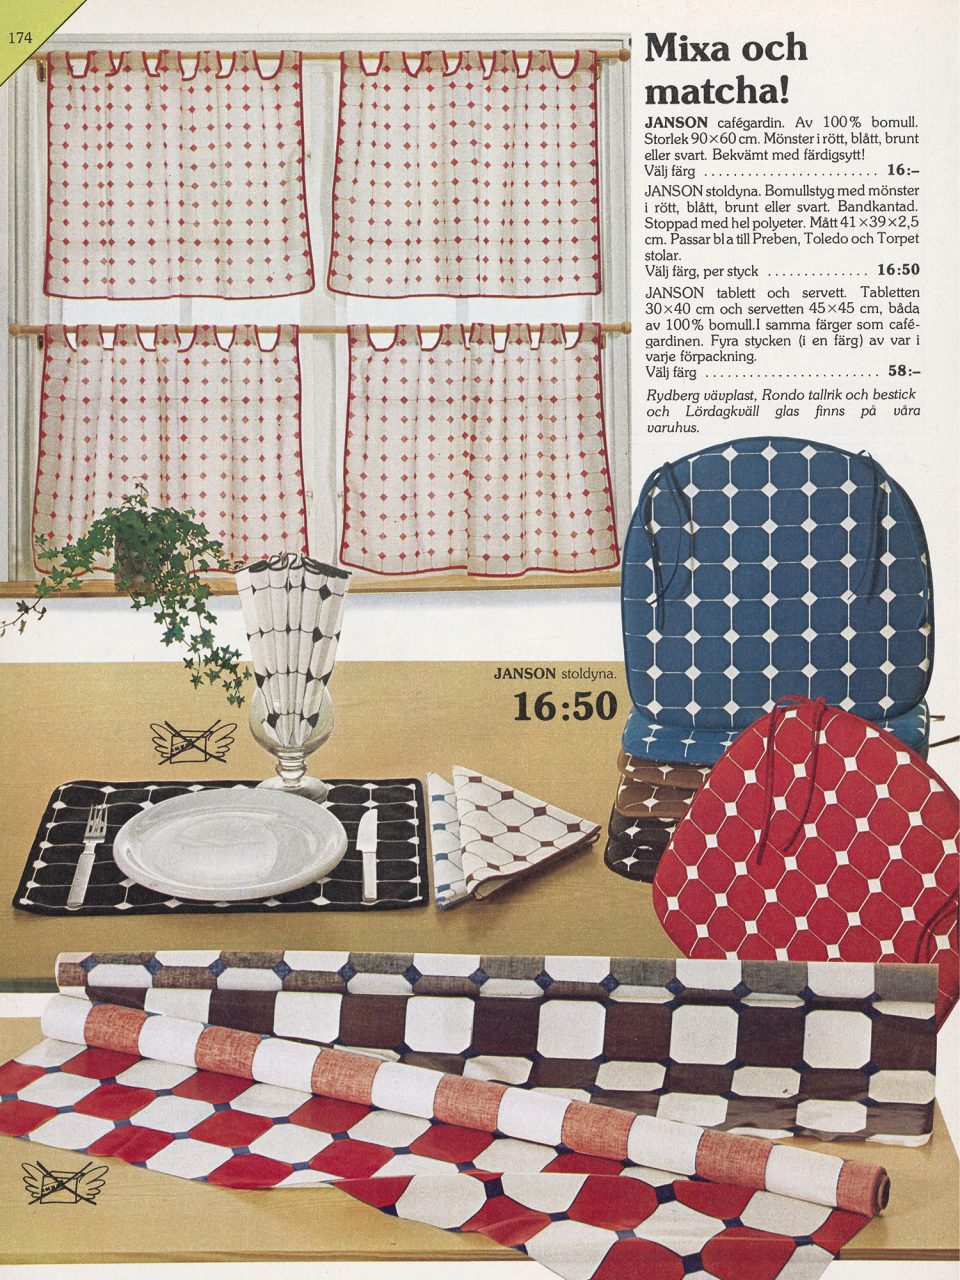 Sida i IKEA katalogen 1978. Under rubriken Mixa och matcha syns bl.a. gardiner, dukar och sittdynor.
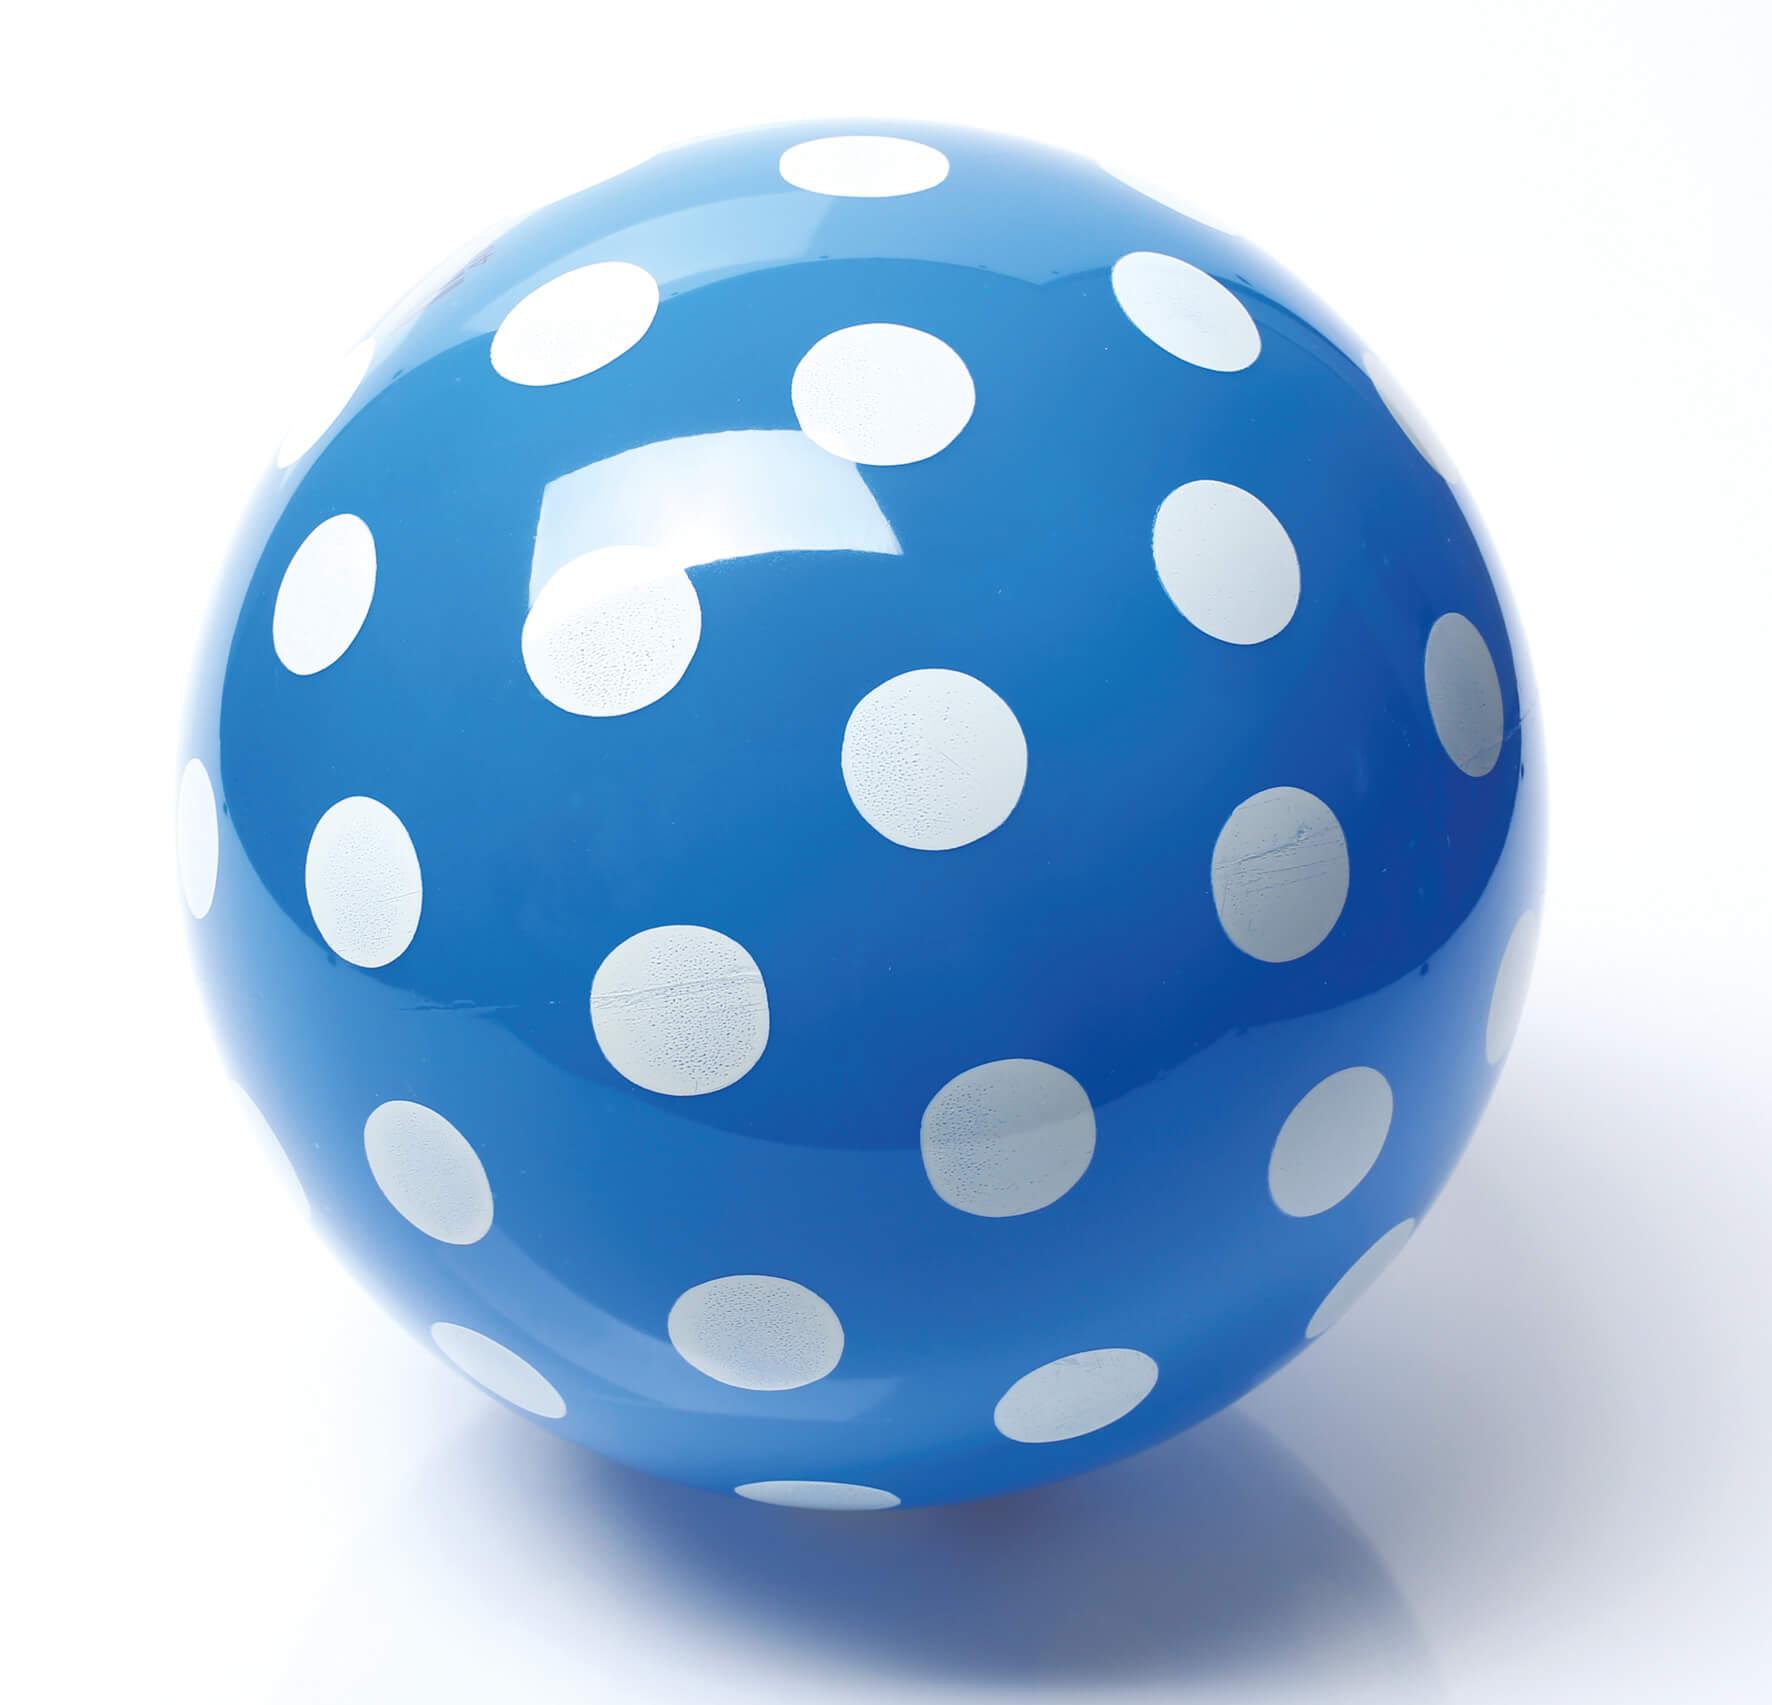 Ball Punkte blau/weiß groß - www. kunstundspiel .de 2171694
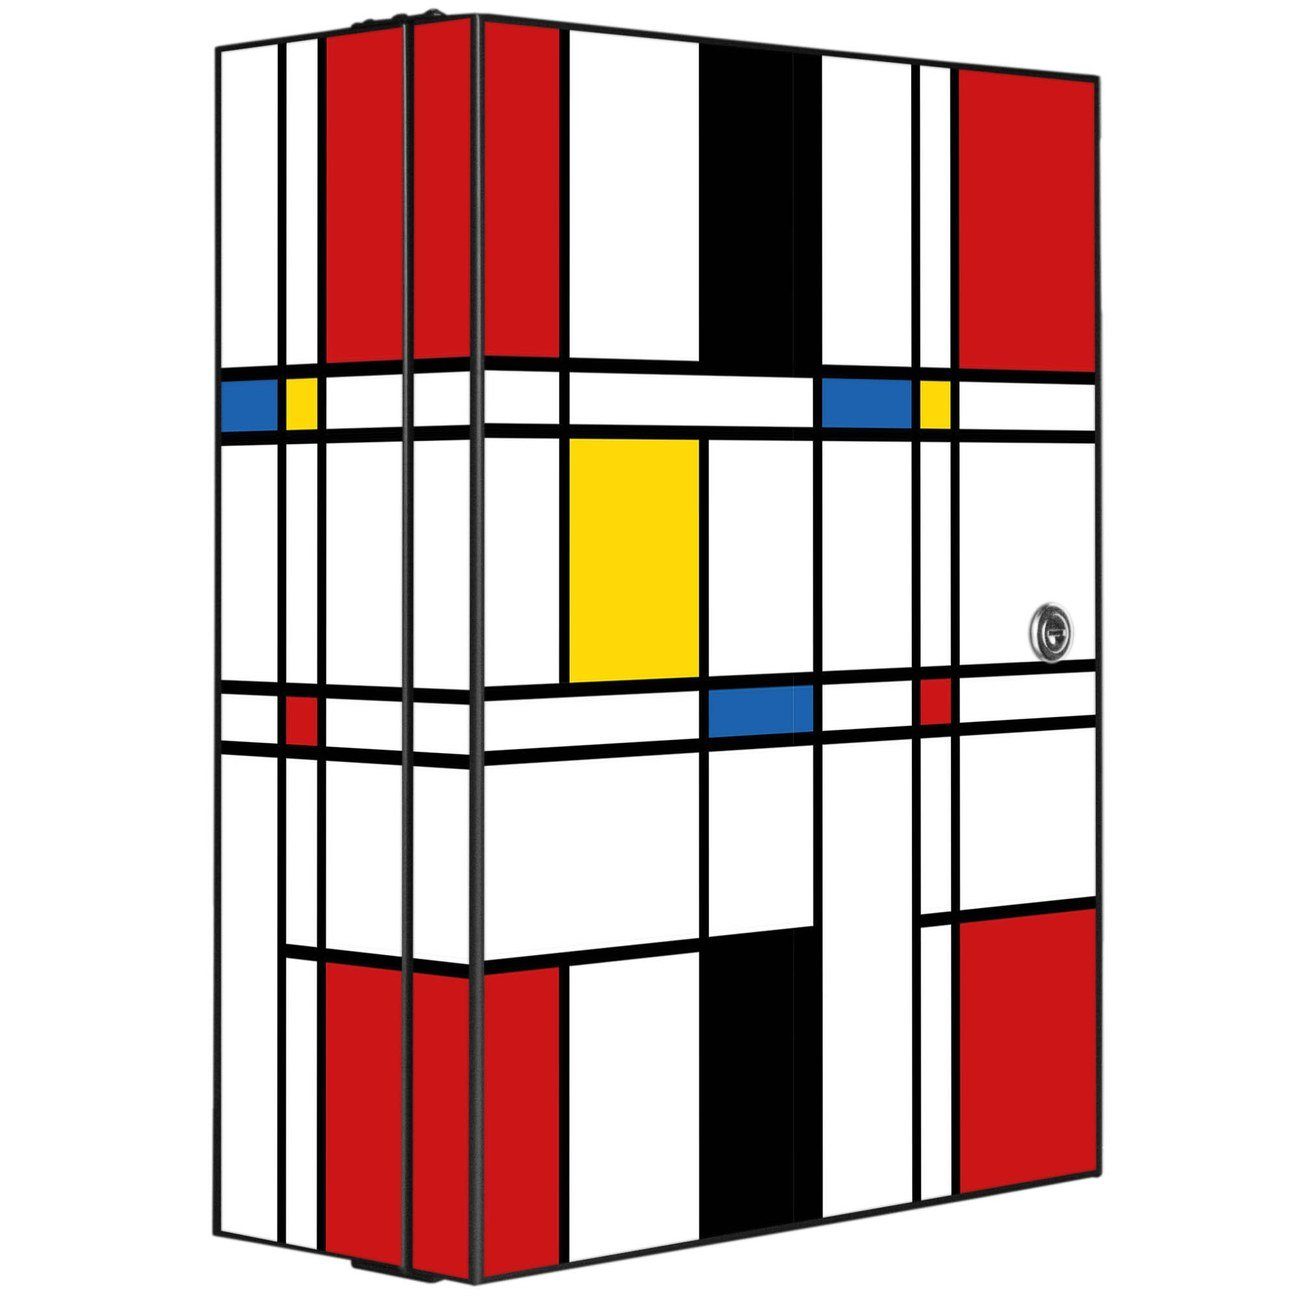 banjado Medizinschrank Stahl Rot Gelb Blau (abschließbar, 3 große und 2 kleine Fächer) 35 x 46 x 15cm schwarz
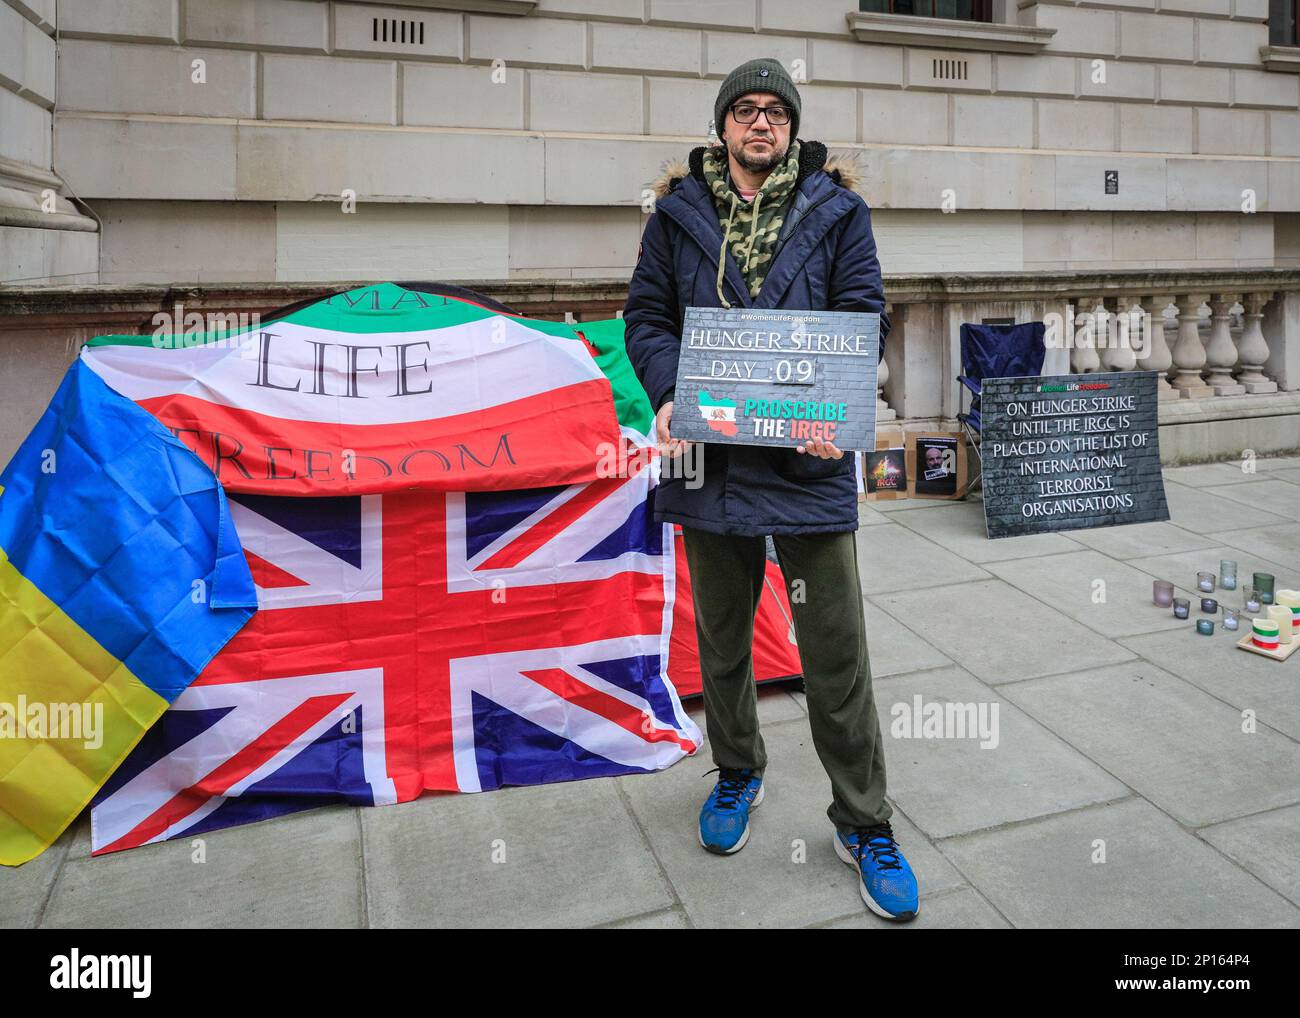 Westminster, Londra, Regno Unito. 03rd Mar, 2023. Vahid Beheshti, che dichiara di essere un giornalista, è visto il giorno 9 del suo sciopero della fame al di fuori dell'Ufficio degli Esteri britannico a Westminster. Beheshti chiede che l'IRGC (corpo della Guardia rivoluzionaria Islamica) sia inserito nella lista delle organizzazioni terroristiche internazionali da parte del Regno Unito. L'IRGC, un ramo dell'esercito iraniano, è considerato un'organizzazione terroristica dagli Stati Uniti dal 2019, mentre l'UE ha recentemente approvato un emendamento che chiede agli stati membri di fare simili. Credit: Imageplotter/Alamy Live News Foto Stock
_____
**What needs to be done:** Reproduce the whole listing verbatim and keep all pictures out of it.

**Answer for this exercise:**
 Sida i IKEA katalogen 1978. Under rubriken Mixa och matcha syns bl.a. gardiner, dukar och sittdynor.
 Ball Punkte blau/weiß groß - www. kunstundspiel .de 2171694
 banjado Medizinschrank Stahl Rot Gelb Blau (abschließbar, 3 große und 2 kleine Fächer) 35 x 46 x 15cm schwarz
 Westminster, Londra, Regno Unito. 03rd Mar, 2023. Vahid Beheshti, che dichiara di essere un giornalista, è visto il giorno 9 del suo sciopero della fame al di fuori dell'Ufficio degli Esteri britannico a Westminster. Beheshti chiede che l'IRGC (corpo della Guardia rivoluzionaria Islamica) sia inserito nella lista delle organizzazioni terroristiche internazionali da parte del Regno Unito. L'IRGC, un ramo dell'esercito iraniano, è considerato un'organizzazione terroristica dagli Stati Uniti dal 2019, mentre l'UE ha recentemente approvato un emendamento che chiede agli stati membri di fare simili. Credit: Imageplotter/Alamy Live News Foto Stock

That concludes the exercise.